Опубликовано в журнале СловоWord, номер 65, 2010
ПРОЗА И ПОЭЗИЯ
Елена Грачева
Елена Грачева живет в Нью-Йорке с 2006 г. По образованию геолог-нефтяник, но большую часть жизни проработала редактором в научном журнале, потом в культурологическом издательстве “Прогресс-Традиция”. С детства пишет стихи, но никогда серьёзно к этому своему занятию не относилась. Прозу начала писать, живя в Америке, уже вполне серьёзно.
КИРА, ЛЮБОВЬ МОЯ
Теперь, когда я уже немолод, жизнь со всеми ее страстями позади, дети выросли и даже внуки стали взрослыми, наступило время ответить на вопрос, который давно мучает меня. Что такое счастливый брак? Не благополучный, нет, а именно счастливый. Оглядываясь на свое прошлое, полное событий радостных и драматических, и прожив жизнь с единственно любимой мною женщиной, я понимаю, как бесконечно был счастлив, каким бесценным подарком одарила меня судьба.
Я уже очень давно живу на свете; детство мое пришлось еще на довоенное, а частично на военное и послевоенное время, которое я помню особенно хорошо. Жили мы трудно. С десяти моих лет почти вся мужская работа в доме была на мне.
Отец погиб на фронте, когда-то красивый барский дом под Смоленском, по странному велению судьбы не экспроприированный большевиками, лежал в руинах, и мать приняла предложение своей старой тетки поселиться вместе с нею в подмосковной Малаховке. Мы жили в доме тети Вари, доставшемся ей от мужа-врача, умершего еще перед войной. На ее и наши с сестрой две крошечные пенсии за убитого в начале войны солдата нужно было как-то существовать. Правда, при доме был участок с несколькими старыми яблонями – там можно было посадить картошку – всеобщую палочку-выручалочку в голодные послевоенные годы.
Моя мать была дочерью царского генерала, погибшего еще в Первую мировую войну. С возрастом я стал удивительно походить на него – пятидесятилетнего, в военной форме с аксельбантами на чудом сохранившейся фотографии в материнском архиве. Мать была женщиной умной и суровой, с сильным и решительным харакером. Когда в школе изучали творчество Некрасова, мне казалось, что строки «…есть женщины в русских селеньях…» – про нее.
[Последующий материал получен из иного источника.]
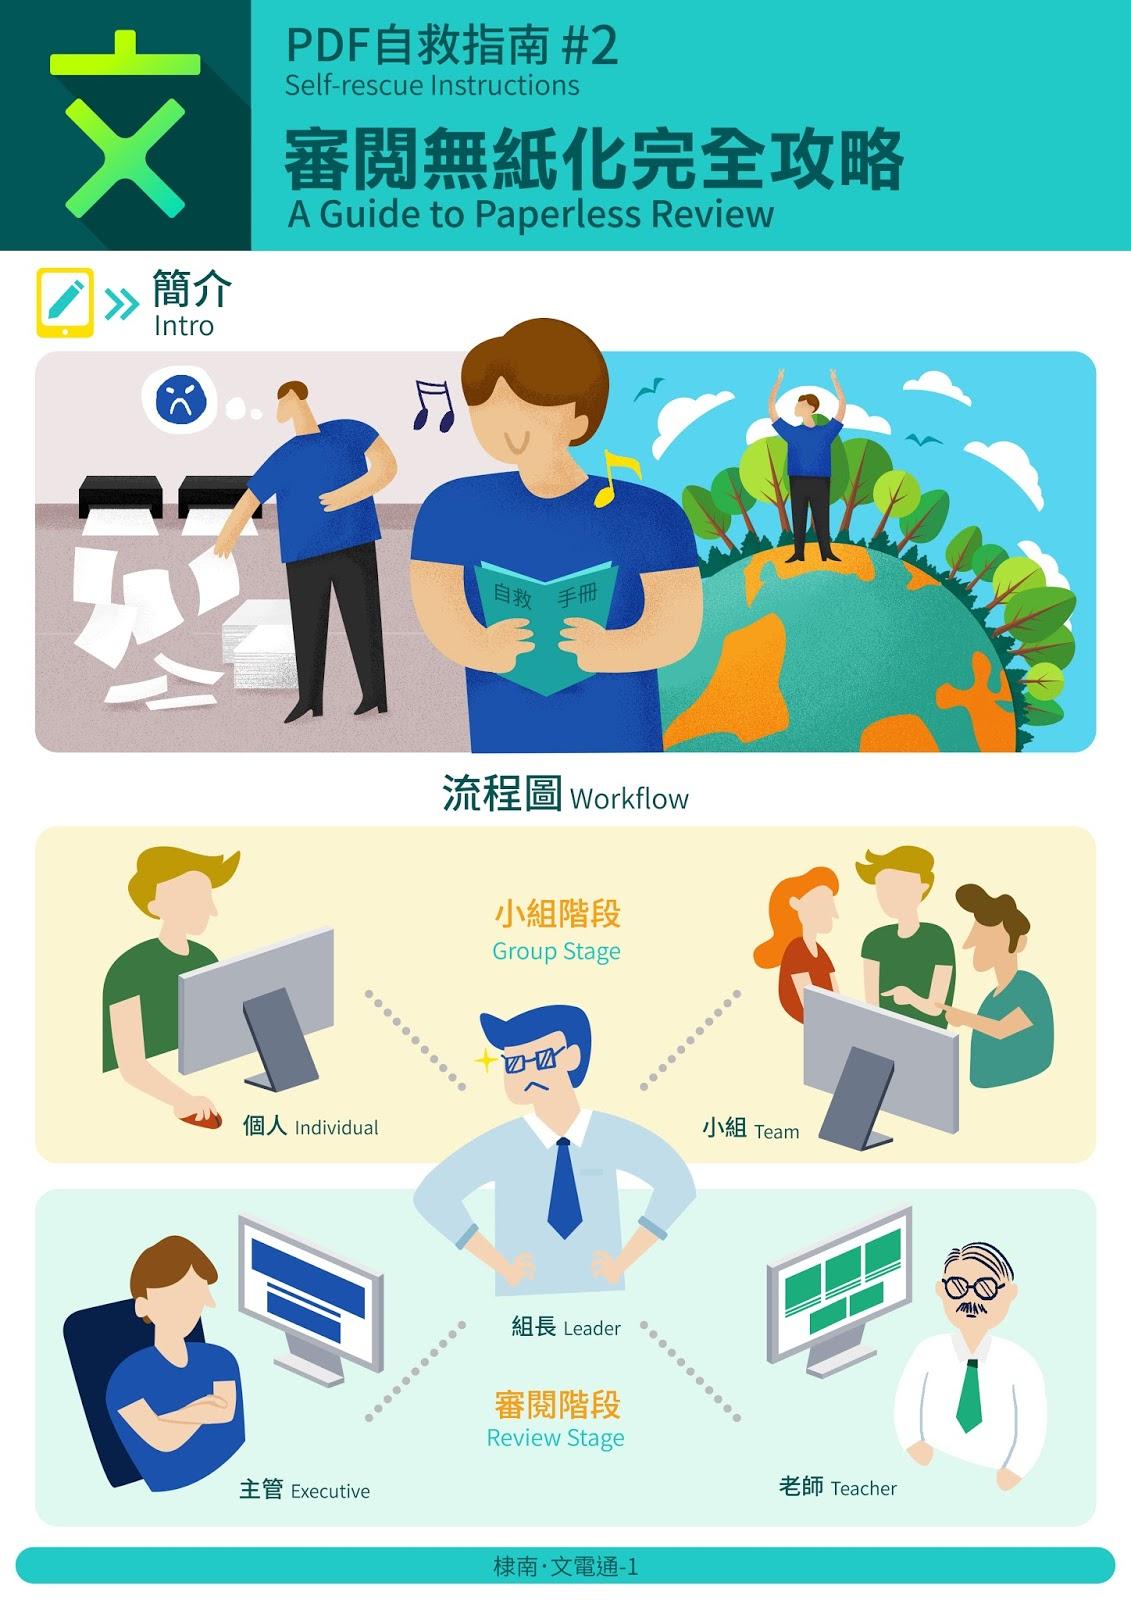 PDF審閱無紙化

Вместо того, чтобы сажать картошку, она решила разводить редкие по тем временам гладиолусы и достигла успехов поразительных. Она переписывалась и обменивалась луковицами растений с селекционерами по всей стране и любовно, не жалея сил, ухаживала за своим необыкновенным садом. Наше благополучие в первые послевоеные годы, все еще очень относительное, держалось только на ней. Считается, что женщина в любимом человеке подсознательно ищет черты отца, а мужчина – матери. Женщина, которой я обязан самым большим в моей жизни счастьем и самыми жестокими страданиями – моя жена – ничем не напоминала мою мать.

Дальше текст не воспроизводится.